Ms. Amaya, now 56, said she was a 13-year-old runaway from Fairfax when she was sold into sex trafficking at 14th and Eye Streets in the District and later was taken to New York City where she was trafficked for eight years. Like a lot of girls forced into sex trafficking, she said she had been abused as a child and at 12, began running away from home.
"I was a walking target," she said. "I didn't have low self-esteem, I had no self-esteem.
"I was raped so many times, I can't remember. I became addicted to heroin and numb to what happened to me," she said, adding that her trafficker dumped her when she was "no longer valuable to him."
Ms. Amaya described herself as "a survivor" and is now working to vacate her criminal record in New York City under a new law, but lamented that "this is still happening to young girls. What happened to me is not unusual."
The Universal Peace Federation was founded by the late Rev. Sun Myung Moon, founder of The Times.
Three other speakers who work to stop human trafficking said it has become an "epidemic," both in the U.S. and worldwide.
"There are 27 million victims of human trafficking worldwide," said Cynthia Turner, executive director of SeraphimGLOBAL, an international public health and community development organization. "The number is staggering yet incidences of trafficking are often underreported."
Human trafficking generates billions of dollars each year in illicit profits in the United States and globally through the entrapment and exploitation of millions of people, mostly women and children. The growing illegal trade in human beings for sex or forced labor isn't limited to either rural outposts or the world's largest cities.
Ms. Turner said the root causes of human trafficking are poverty, sex abuse, drug dependency, violence and broken families.
"All nations must speak in one voice to end trafficking," she said, adding that America must lead the fight.
In the United States, the number of persons said to be the victims of human trafficking is between 14,500 and 17,500, according to Julie Southwell, a field organizer for Amnesty International USA, a human rights organization. But she said, "The actual number is much higher."
Yvonne Williams, executive director of the Trafficking in America Task Force, a Tennessee-based nonprofit, said America is suffering from "an epidemic of modern slavery known as human trafficking.
"No one signs up to be a sex slave," said Ms. Williams, adding that an Alabama study found that 50 percent of trafficking victims were introduced by family members to it due to drugs or poverty.

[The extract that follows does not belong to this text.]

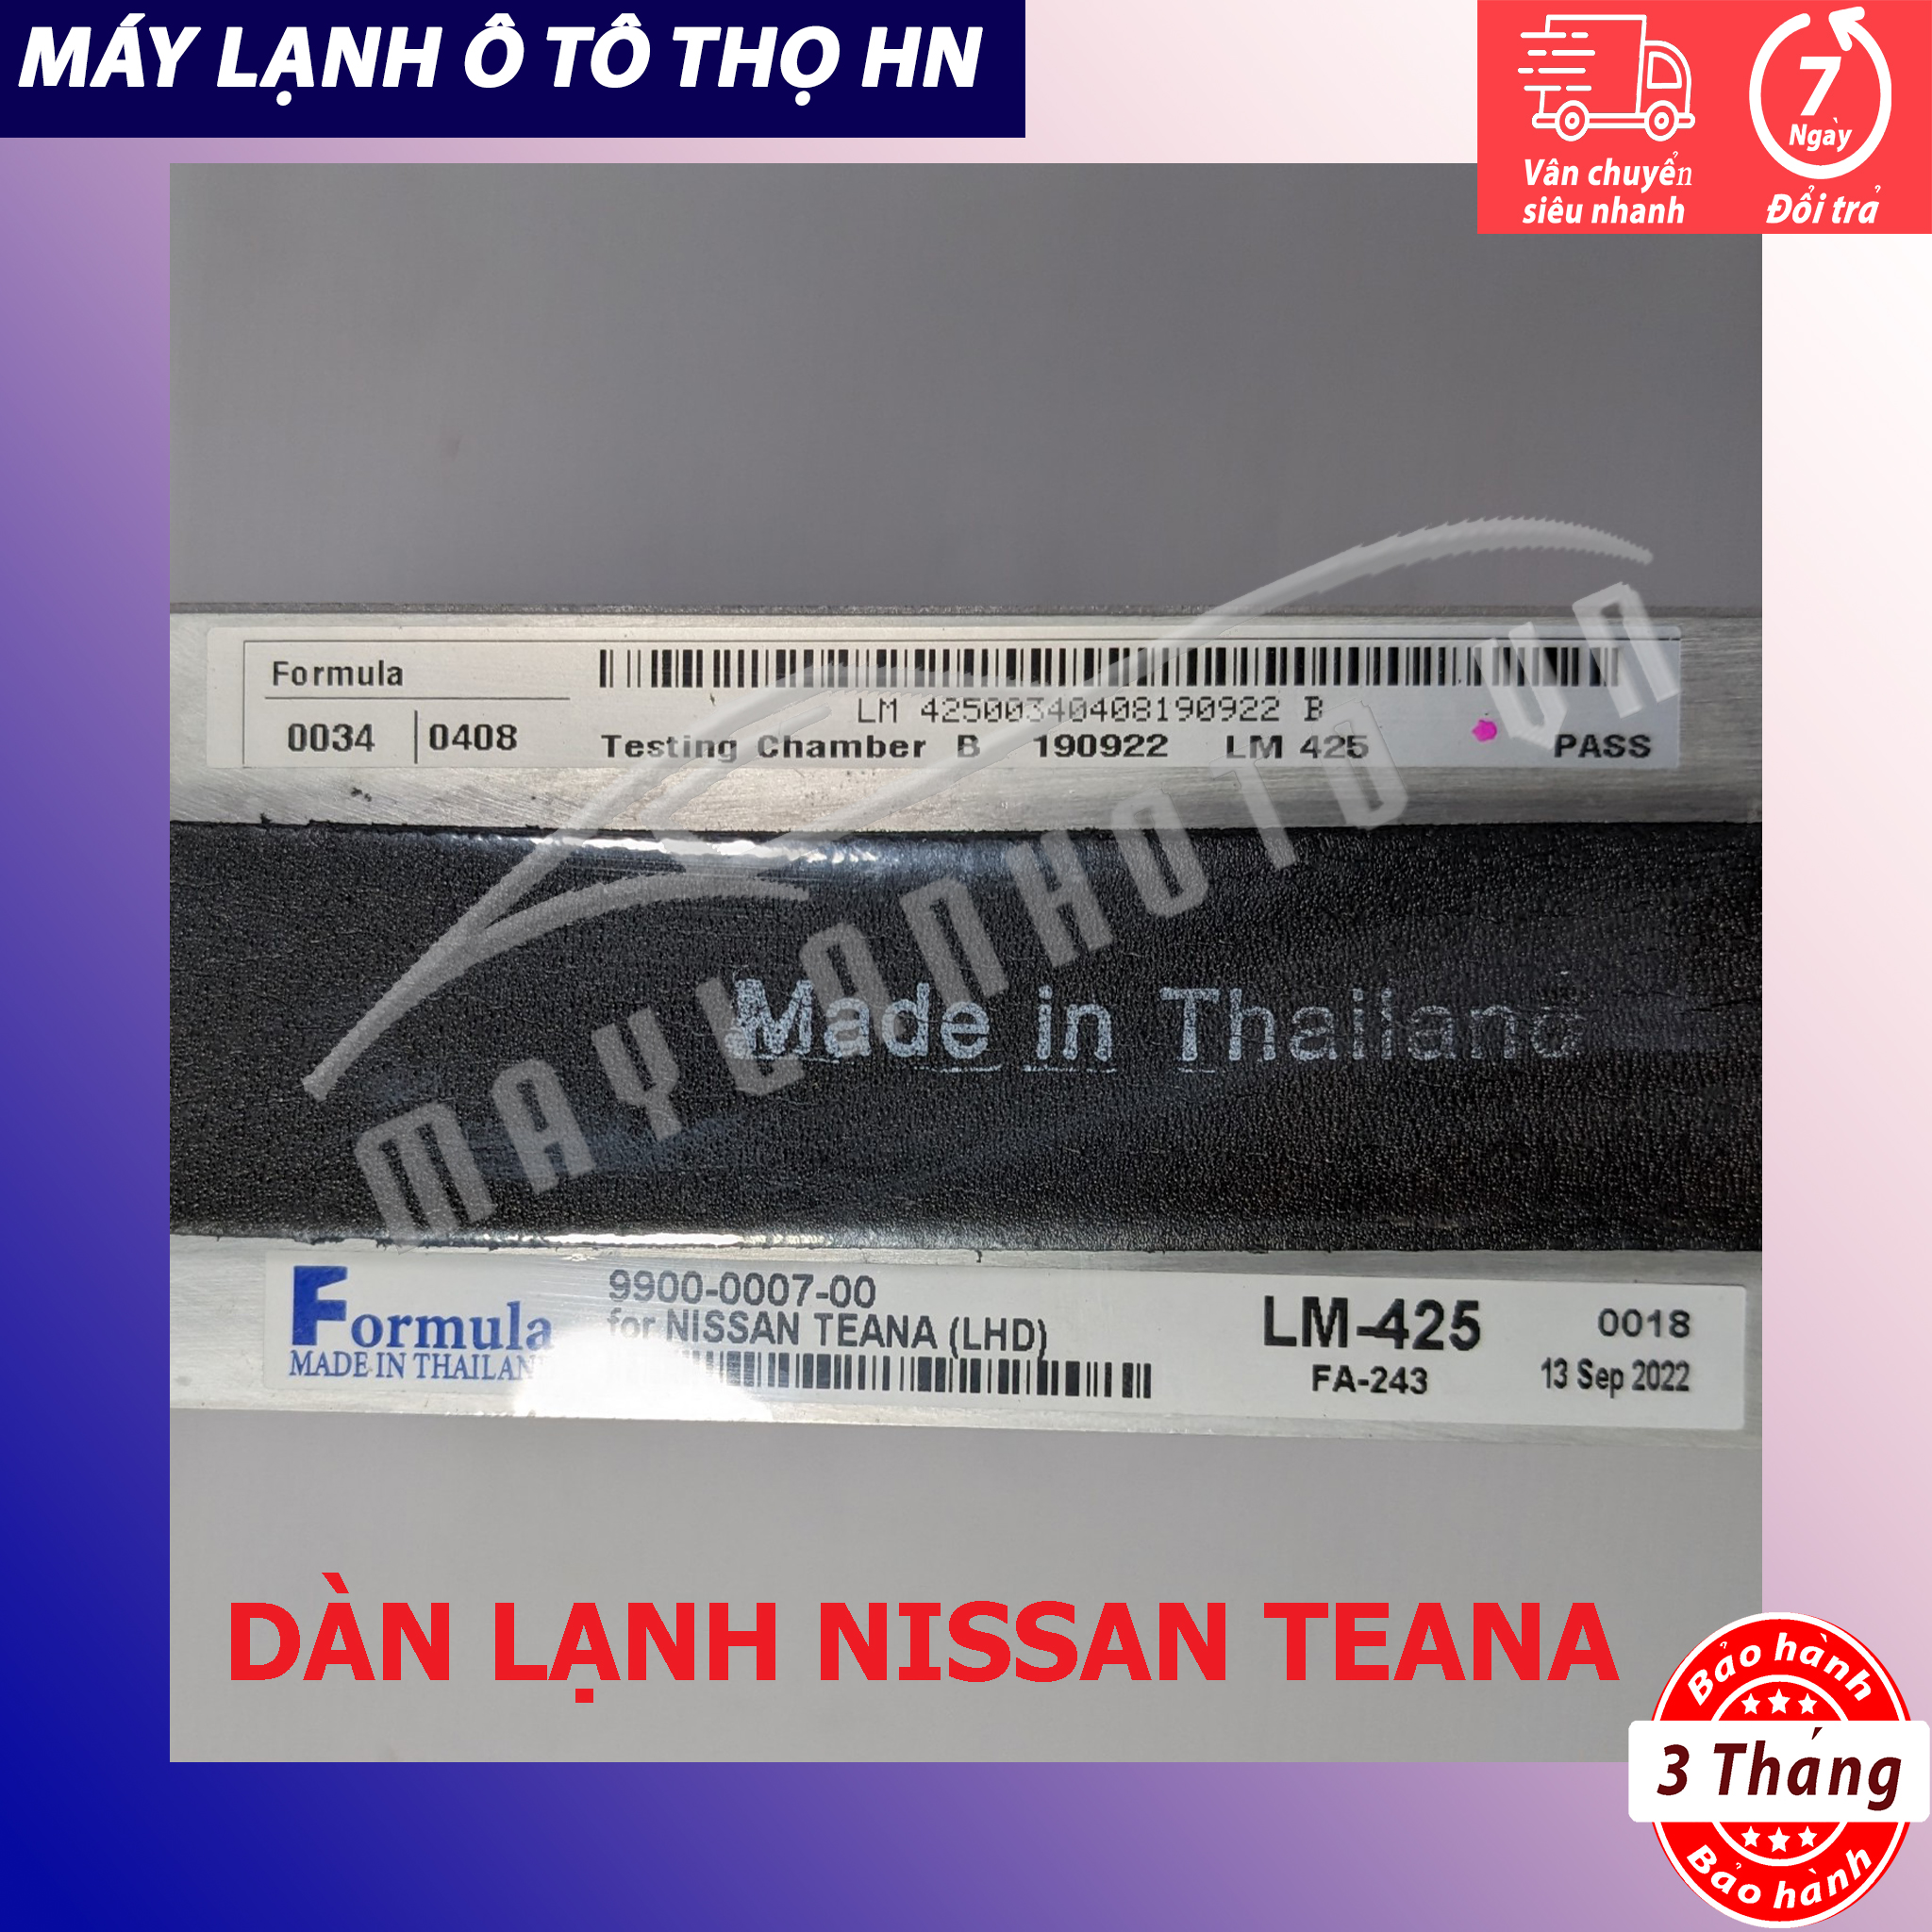 Dàn (giàn) lạnh Nissan Teana 2004 2005 2006 2007 2008 2009 2010 2011 2012 Hàng xịn Thái Lan 04 05 06 07 08 09 10 11 12

Ms. Williams described as "fabulous" a speech President Obama gave last week on human trafficking, although she said he should have talked about working to curb the demand for trafficking. In his speech, Mr. Obama called trafficking "modern slavery" and "one of the great human rights causes of our time."
Last month, he gave seven countries listed by the State Department as making little effort to control human trafficking including a pass on government-mandated sanctions and a loss of foreign aid, citing national security concerns. They were Libya, Saudi Arabia, Algeria, the Central African Republic, Kuwait, Papua New Guinea and Yemen.